At the home of Alexander Hipp it was learned that he and Alfred Earnest were picking cherries at a farm three miles beyond the Forks, on the main road. Without trouble Billy and Paul found them. The work with the cherries was nearly over for the day and the Auto Boys gave a hand that it might be finished quickly. Glad of a chance for an automobile ride, Hipp and Earnest had readily agreed to visit the Griffin lockup.

Alfred had the seat beside Billy, who was driving. “My brother,” said he, “thought you fellows made a mistake when two of you went away to Albany to look for your machine. I told him about your plan, last night. He wished he had seen you to talk it over because he figures you ought to have gone toward Buffalo.”

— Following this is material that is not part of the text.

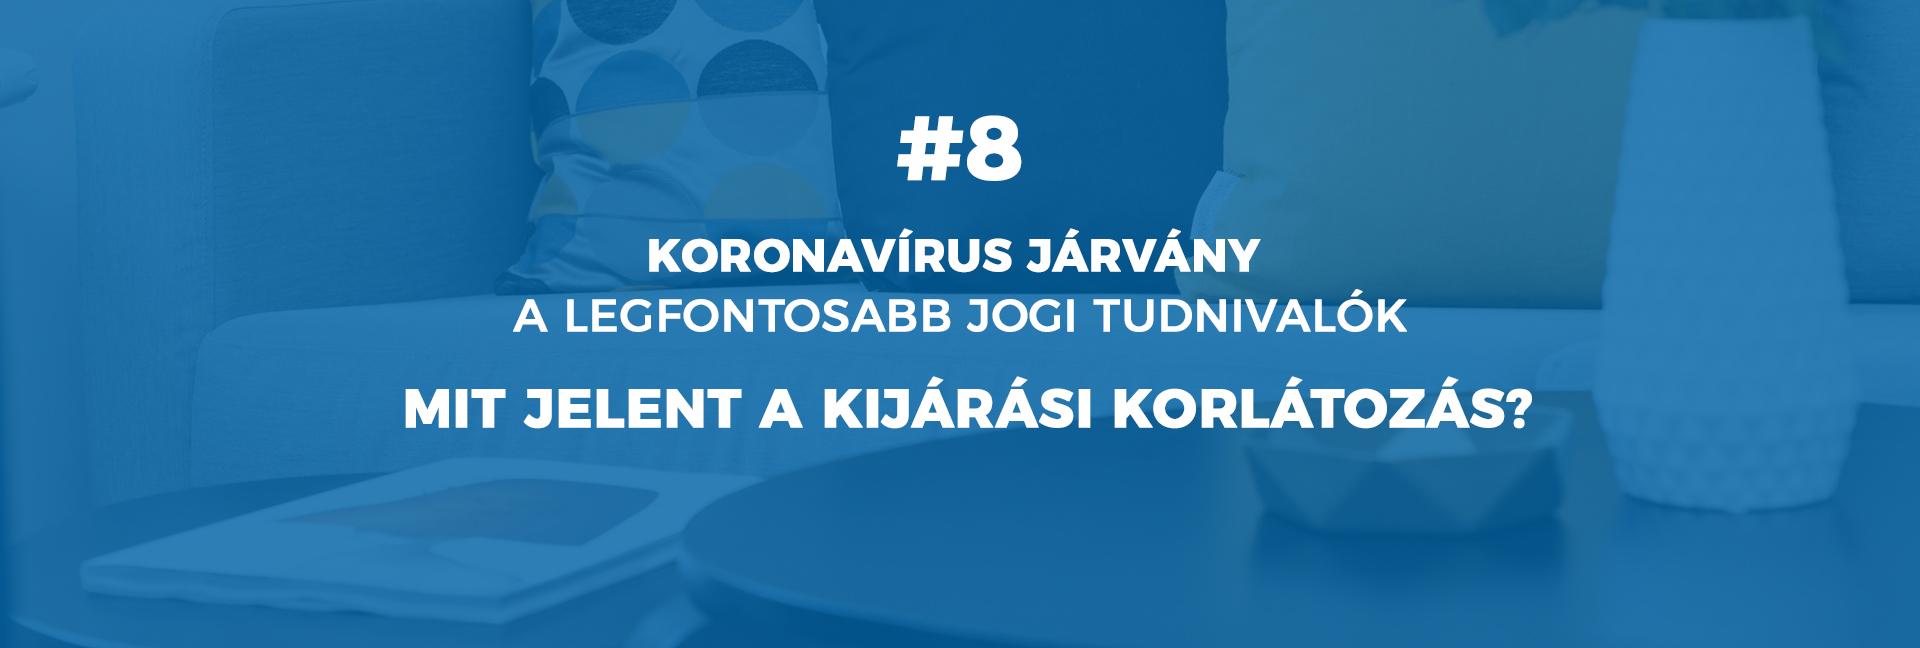 #8 Koronavírus járvány – Mit jelent a kijárási korlátozás?

“That so? Why?” Billy asked.

“Because he says it’s fairly certain the people who had this Torpedo just switched to your car. They came from the east and was headed west to begin with. Naturally they wouldn’t go back the way they had just come from.”

“We thought of that, but our car didn’t go through Griffin,” Billy answered. “Willie Creek is sure of that. It must have turned back east again at the Forks.”

Earnest argued to the contrary but, seeing there was nothing to be gained by the discussion, Worth simply let him talk. It was strange how many people had advanced theories regarding the car’s disappearance. Indeed so much discussion and gossip had come to the ears of the boys, and so little real help had been given them, save by Mr. Creek, that it is little wonder mere talk was becoming annoying.

Coster, the only occupant of the village prison, was not a little surprised when he once more answered Chief Fobes’ “Here, you! Step up!” upon seeing four boys confronting him. He leaned with hands upon the steel bars as he had done the day before.

“Good, honest automobile grease on your hands, mister,” remarked Billy Worth, noticing the fellow’s fingers and especially his black nails.

Coster quickly put his hands down but volunteered no remark. Then, as if he feared being suspected of a desire to conceal something, he seized the bars again as before.

“He’s the man we saw,” said Alex Hipp, when with Chief Fobes they all had reached the refreshing outer air. “At least I think so.”